You may safely use any libgit2 object from any thread, though there may be issues depending on the cryptographic libraries libgit2 or its dependencies link to (more on this later). For libgit2 itself, provided you take the following into consideration you won't run into issues:
Use an object from a single thread at a time. Most data structures do not guard against concurrent access themselves. This is because they are rarely used in isolation and it makes more sense to synchronize access via a larger lock or similar mechanism.
There are some objects which are read-only/immutable and are thus safe to share across threads, such as references and configuration snapshots.
The error message is thread-local. The
giterr_last() call must happen on the same thread as the error in order to get the message. Often this will be the case regardless, but if you use something like the GCD on Mac OS X (where code is executed on an arbitrary thread), the code must make sure to retrieve the error code on the thread where the error happened.
When built as a native Windows DLL, libgit2 uses WinCNG and WinHTTP, both of which are thread-safe. You do not need to do anything special.
When using libssh2 which itself uses WinCNG, there are no special steps necessary. If you are using a MinGW or similar environment where libssh2 uses OpenSSL or libgcrypt, then the general case affects you.
By default we use libcurl to perform the encryption. The system-provided libcurl uses SecureTransport, so no special steps are necessary. If you link against another libcurl (e.g. from homebrew) refer to the general case.
If the option to use libcurl was deactivated, the library makes use of CommonCrypto and SecureTransport for cryptographic support. These are thread-safe and you do not need to do anything special.
Note that libssh2 may still use OpenSSL itself. In that case, the general case still affects you if you use ssh.
By default we use libcurl, which has its own .
If libcurl was not found or was disabled, libgit2 uses OpenSSL to be able to use HTTPS as a transport.

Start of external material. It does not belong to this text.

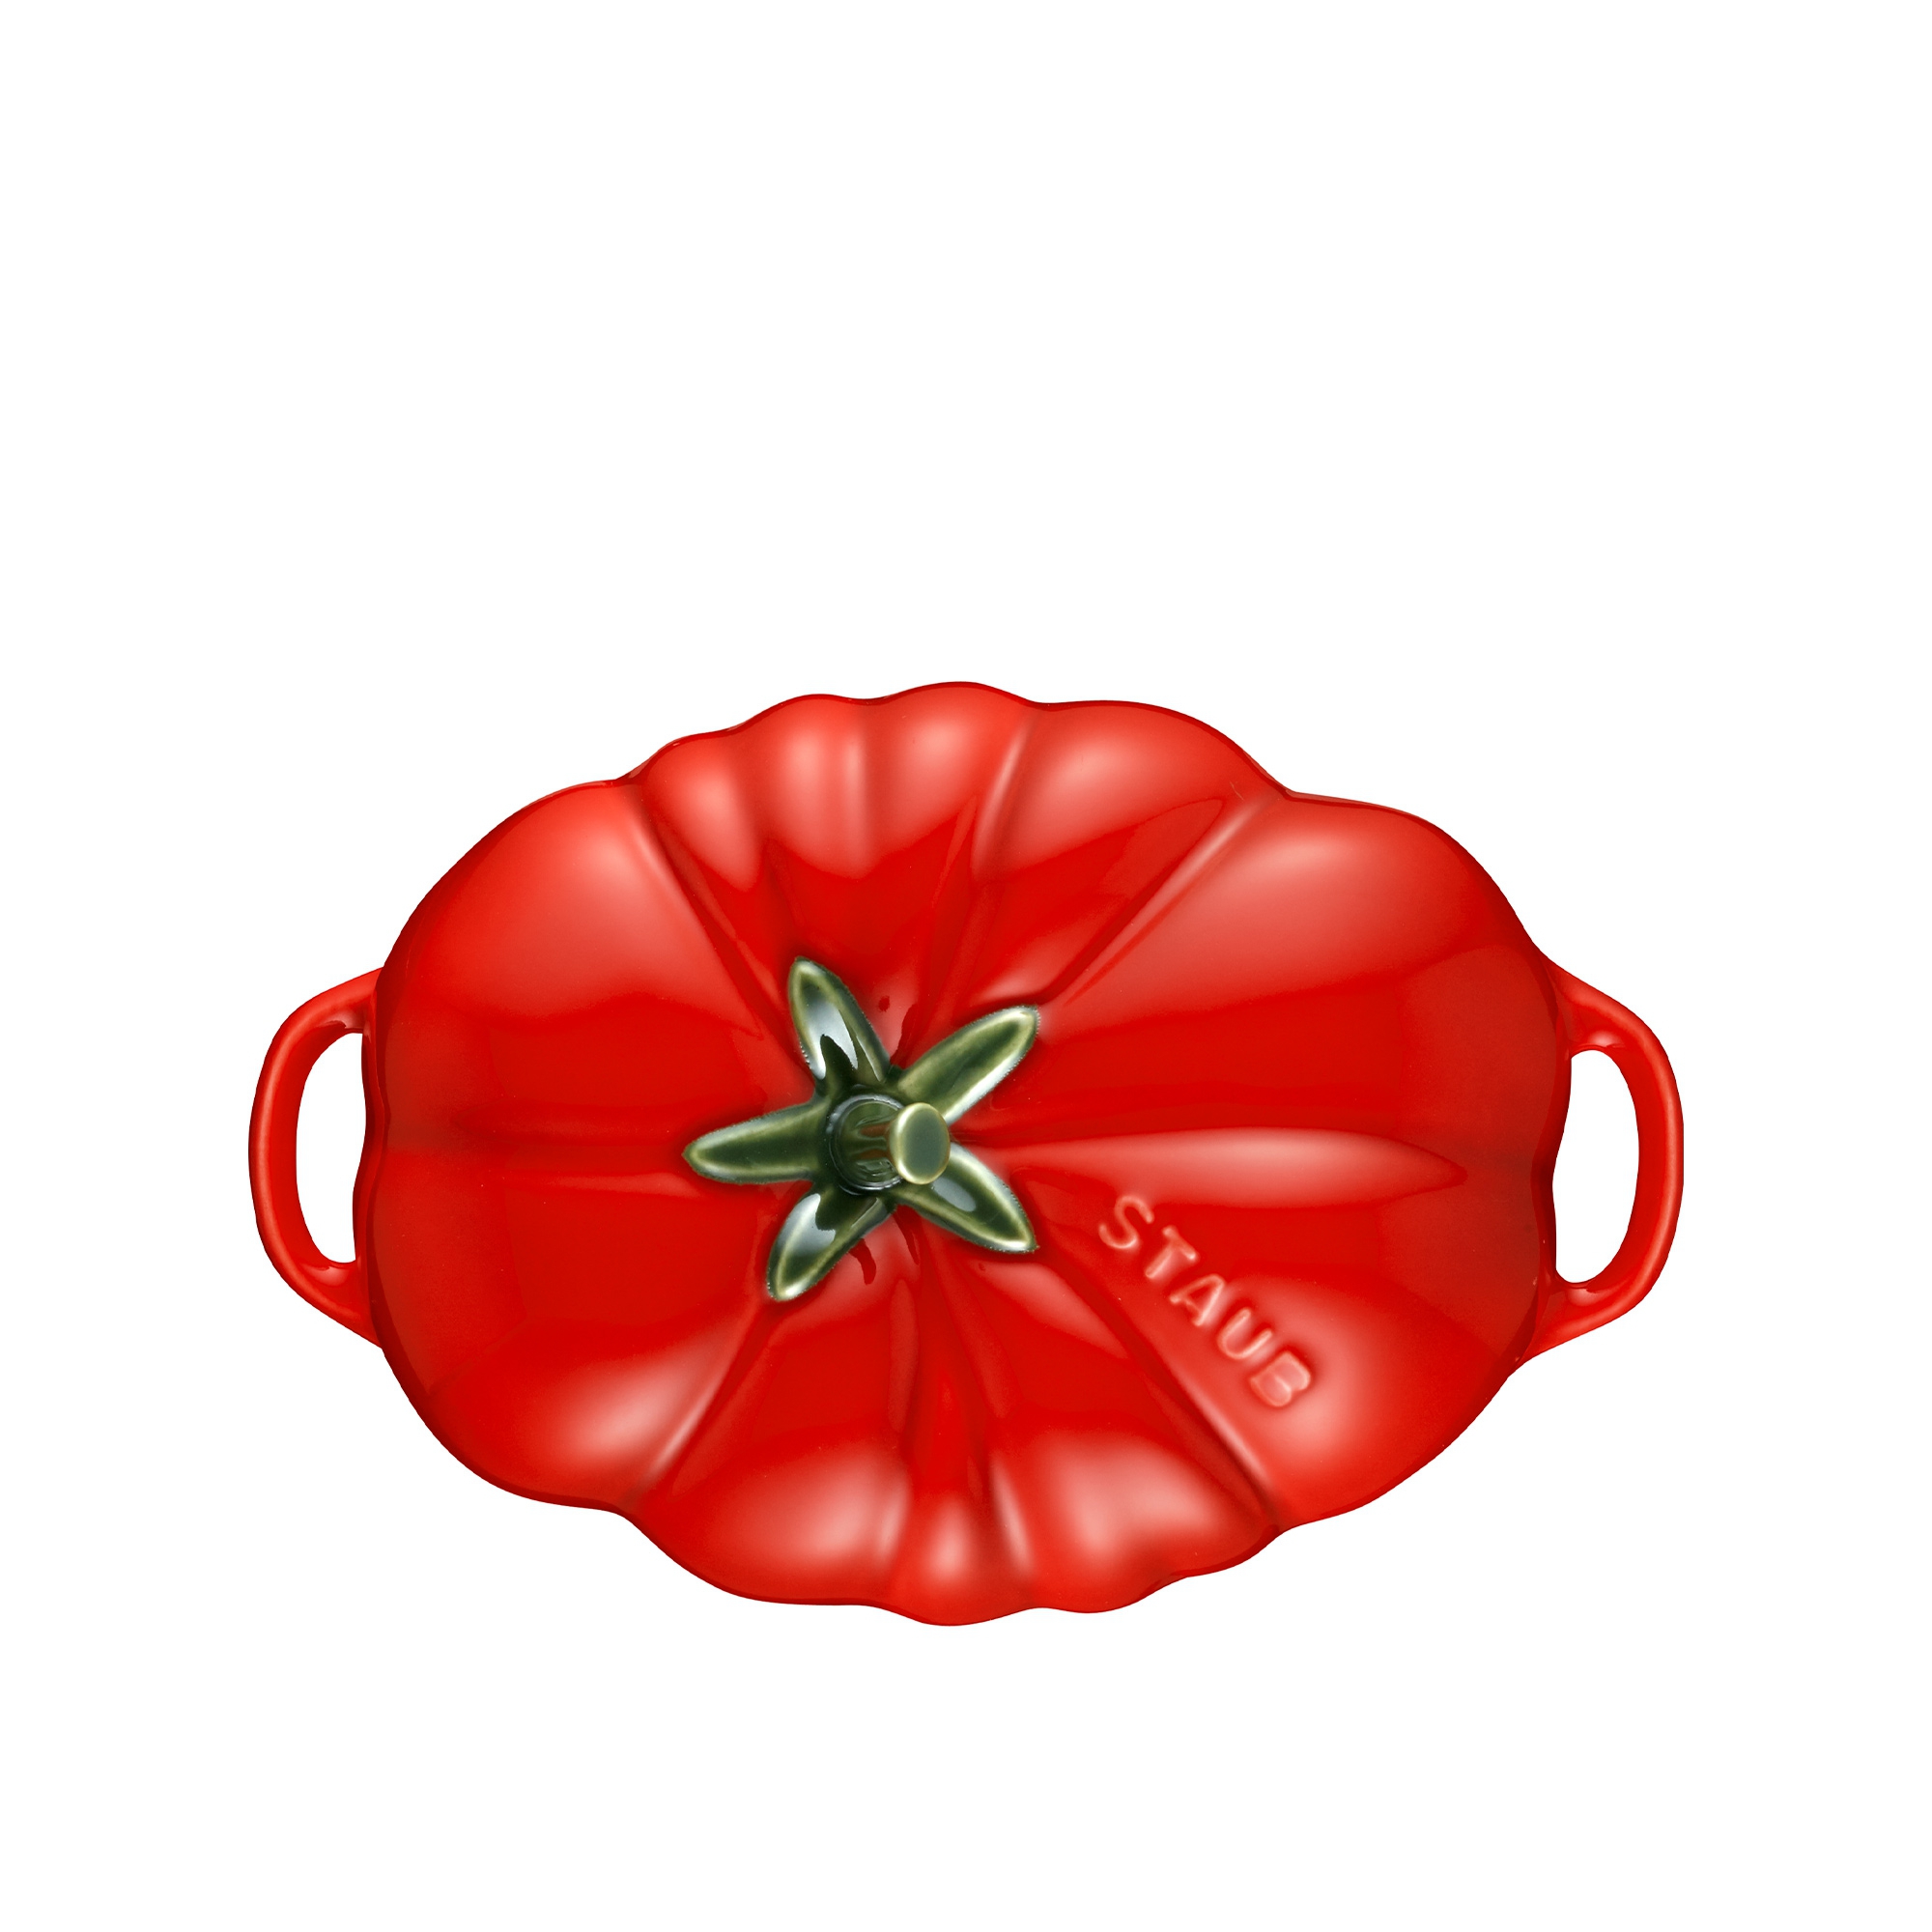 Staub - Ceramique Cocotte tomato - 16 cm - cherry red

This library is made to be thread-implementation agnostic, and the users of the library must set which locking function it should use. This means that libgit2 cannot know what to set as the user of libgit2 may use OpenSSL independently and the locking settings must survive libgit2 shutting down.
libgit2 does provide a last-resort convenience function
git_openssl_set_locking() (available in
sys/openssl.h) to use the platform-native mutex mechanisms to perform the locking, which you may rely on if you do not want to use OpenSSL outside of libgit2, or you know that libgit2 will outlive the rest of the operations. It is not safe to use OpenSSL multi-threaded after libgit2's shutdown function has been called.
If your programming language offers a package/bindings for OpenSSL, you should very strongly prefer to use that in order to set up locking, as they provide a level of coördination which is impossible when using this function.
See the OpenSSL documentation on threading for more details.
Be also aware that libgit2 does not always link against OpenSSL if there are alternatives provided by the system.
libssh2 may be linked against OpenSSL or libgcrypt. If it uses OpenSSL, you only need to set up threading for OpenSSL once and the above paragraphs are enough. If it uses libgcrypt, then you need to set up its locking before using it multi-threaded. libgit2 has no direct connection to libgcrypt and thus has not convenience functions for it (but libgcrypt has macros). Read libgcrypt's threading documentation for more information
It is your responsibility as an application author or packager to know what your dependencies are linked against and to take the appropriate steps to ensure the cryptographic libraries are thread-safe. We agree that this situation is far from ideal but at this time it is something the application authors need to deal with.